Er wordt op deze manier een aantal serieuze thema’s op vrij luchtige manier gebracht, al zijn de wisselingen in de mate van humor vrij verwarrend. Het verhaal wordt verder nog regelmatig even onderbroken voor een weetje over iets wat in de tekst wordt genoemd, zoals morse, de Eiffeltoren of de glaskikker, maar dat maakt het boek juist wel interessant voor weetgrage kinderen!
Voor sommige hoogbegaafde kinderen zal dit boek bovendien voor herkenning zorgen: de honger naar kennis, het onbegrip van andere kinderen, de moeite die het kost om vrienden te maken… Maar als leerkracht van hoogbegaafde kinderen moet ik zeggen dat dit wel het clichébeeld van hoogbegaafde kinderen versterkt. Het profiel van Darsie past eerder bij een kind met Asperger, dan bij een hoogbegaafd kind (al is een kind met Asperger vaak ook hoogbegaafd). Zijn sociale onhandigheid en beperkte inlevingsvermogen zijn hier duidelijke kenmerken van.
Eigenlijk is dit boek interessant voor álle kinderen die zich anders of onbegrepen voelen, of ze nou hoogbegaafd zijn of niet. Ook Bibi en Kees zijn rolmodellen voor kinderen die anders zijn (Bibi is geadopteerd, maar niet gewenst en Kees is verschrikkelijk onhandig). Al met al zit er meer diepgang in dit boek dan je in eerste instantie zou denken en de soepele schrijfstijl maakt het boek zeer toegankelijk.
Lestips
Allereerst kun je een fragment uit het eerste hoofdstuk gebruiken voor boekpromotie:
De dag dat (…) vind het prima.’ (blz. 26 t/m 31)
Ik zou daarna dan echter ook nog een ander stukje voorlezen: over de vakantiekolonie (blz. 73) en erbij vertellen dat Darsie ook terecht komt in zo’n kinderpension. Op die manier laat je meteen al weten dat er een serieuze noot in het verhaal zit.
Verder zijn uit dit boek vele fragmenten te halen die ingezet kunnen worden tijdens sociaal-emotionele lessen.
Jezelf presenteren
Darsie moet een spreekbeurt gaan houden op school. Dat gaat volledig mis. Met de klas kun je bespreken wat er precies misgaat. Wie is er ‘schuldig’? De kinderen in de klas, omdat ze Darsie uitlachen? De meester, omdat die niet ingrijpt? Of zelfs Darsie zelf, die geen rekening houdt met zijn publiek?

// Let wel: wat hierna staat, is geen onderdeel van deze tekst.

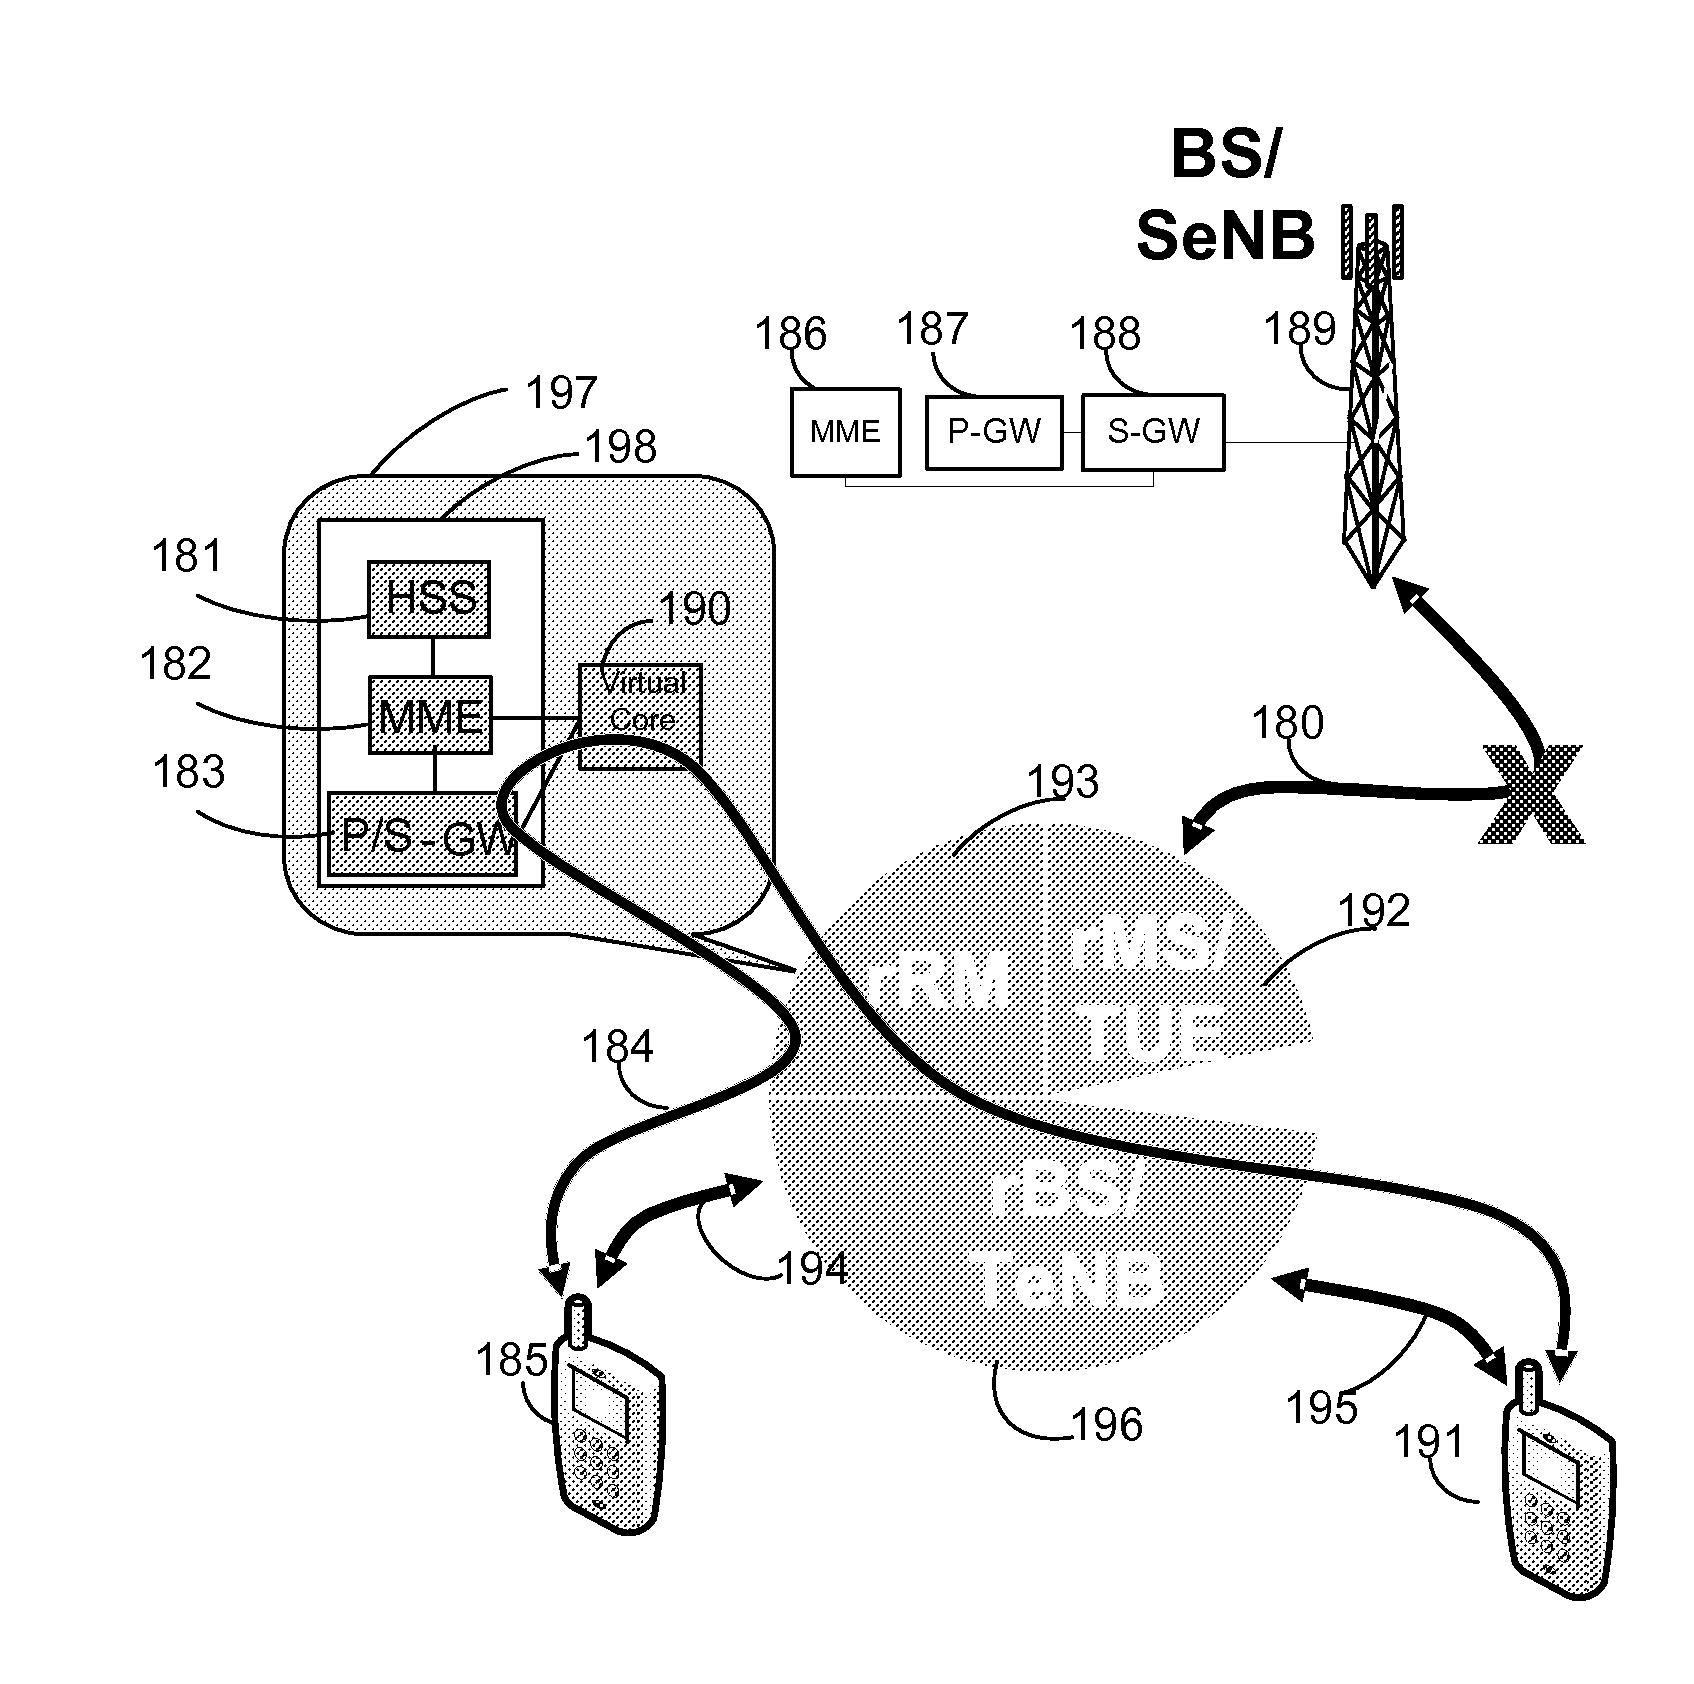 Moving cellular communication system operative in an emergency mode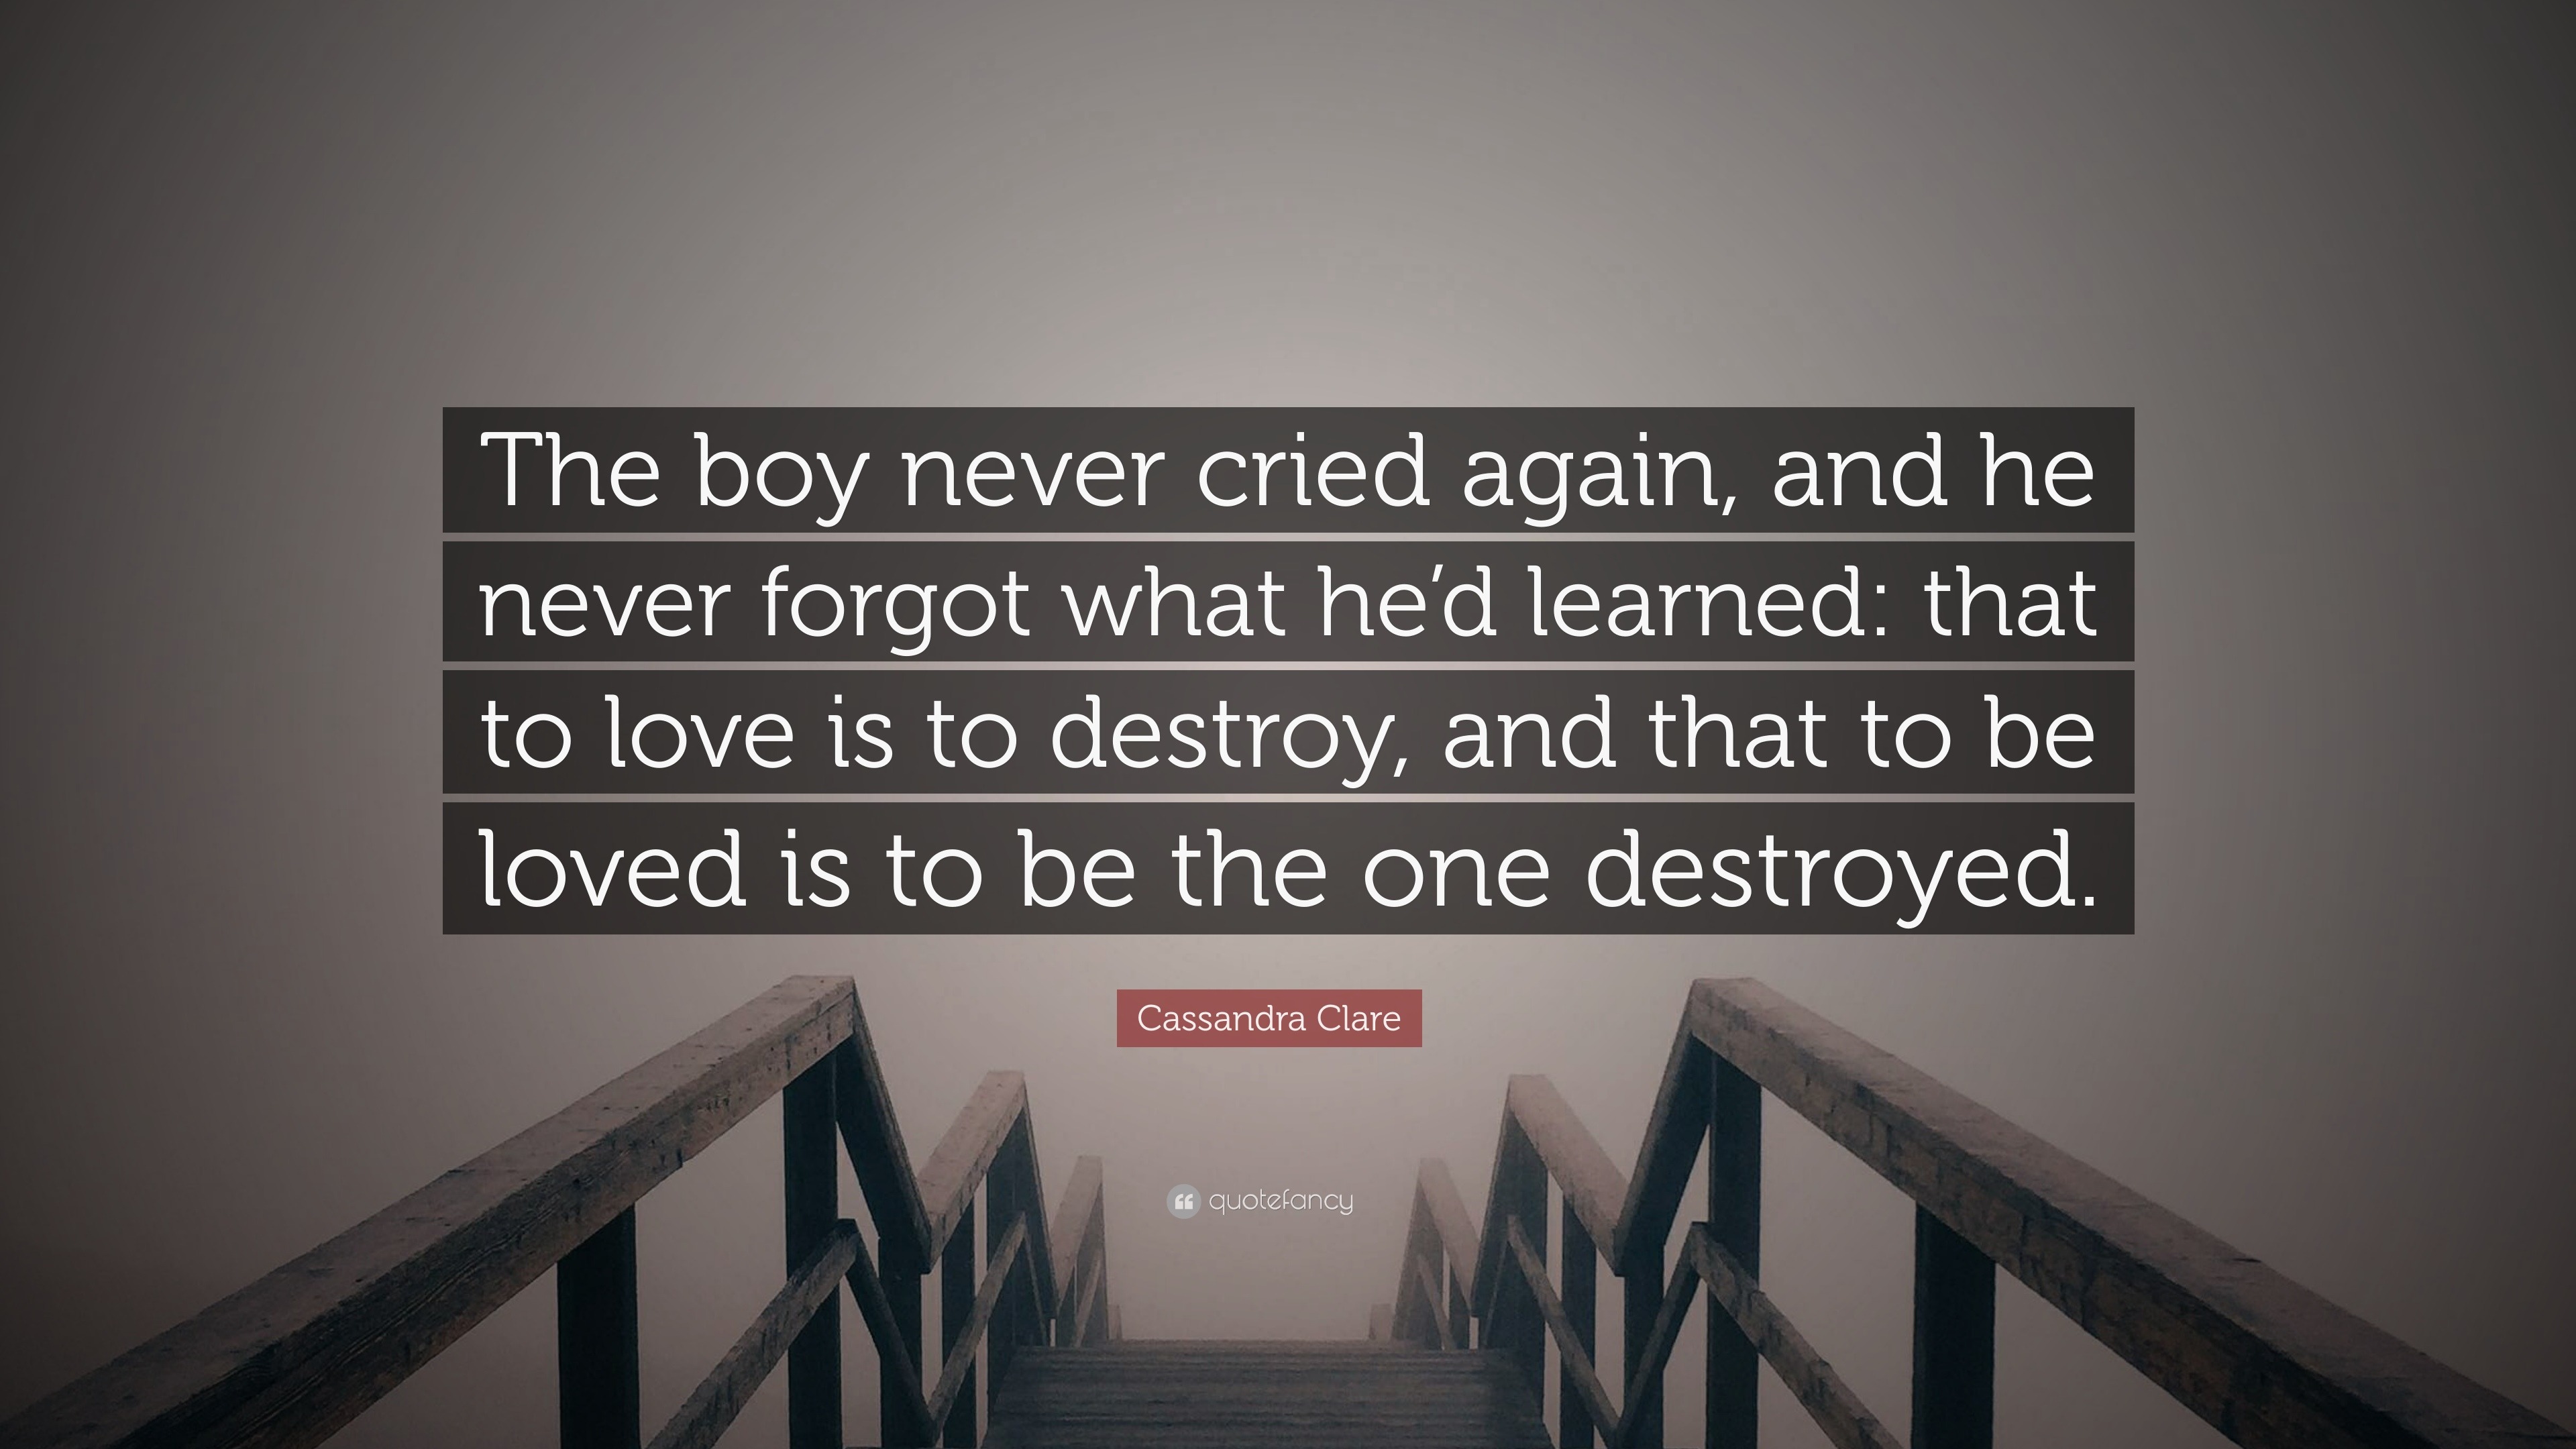 Cassandra Clare Quote “The boy never cried again and he never forgot what

En hoe werkt dat in het dagelijks leven? Als jij je gek kleedt, is het dan je eigen schuld als kinderen je uitlachen? Of zou iedereen elkaar altijd moeten respecteren? Kun je wel jezelf zijn als je je aanpast aan de verwachtingen van anderen?
Het was zeven (…) die erop zaten. (blz. 35 t/m 41)
Anders zijn
In het volgende fragment wordt heel duidelijk dat het helemaal niet altijd leuk is om altijd overal goed/de beste in te zijn.
Darsie zat in (…) Ha-ha-ha-haaaaaa.’ (blz. 114 t/m 118)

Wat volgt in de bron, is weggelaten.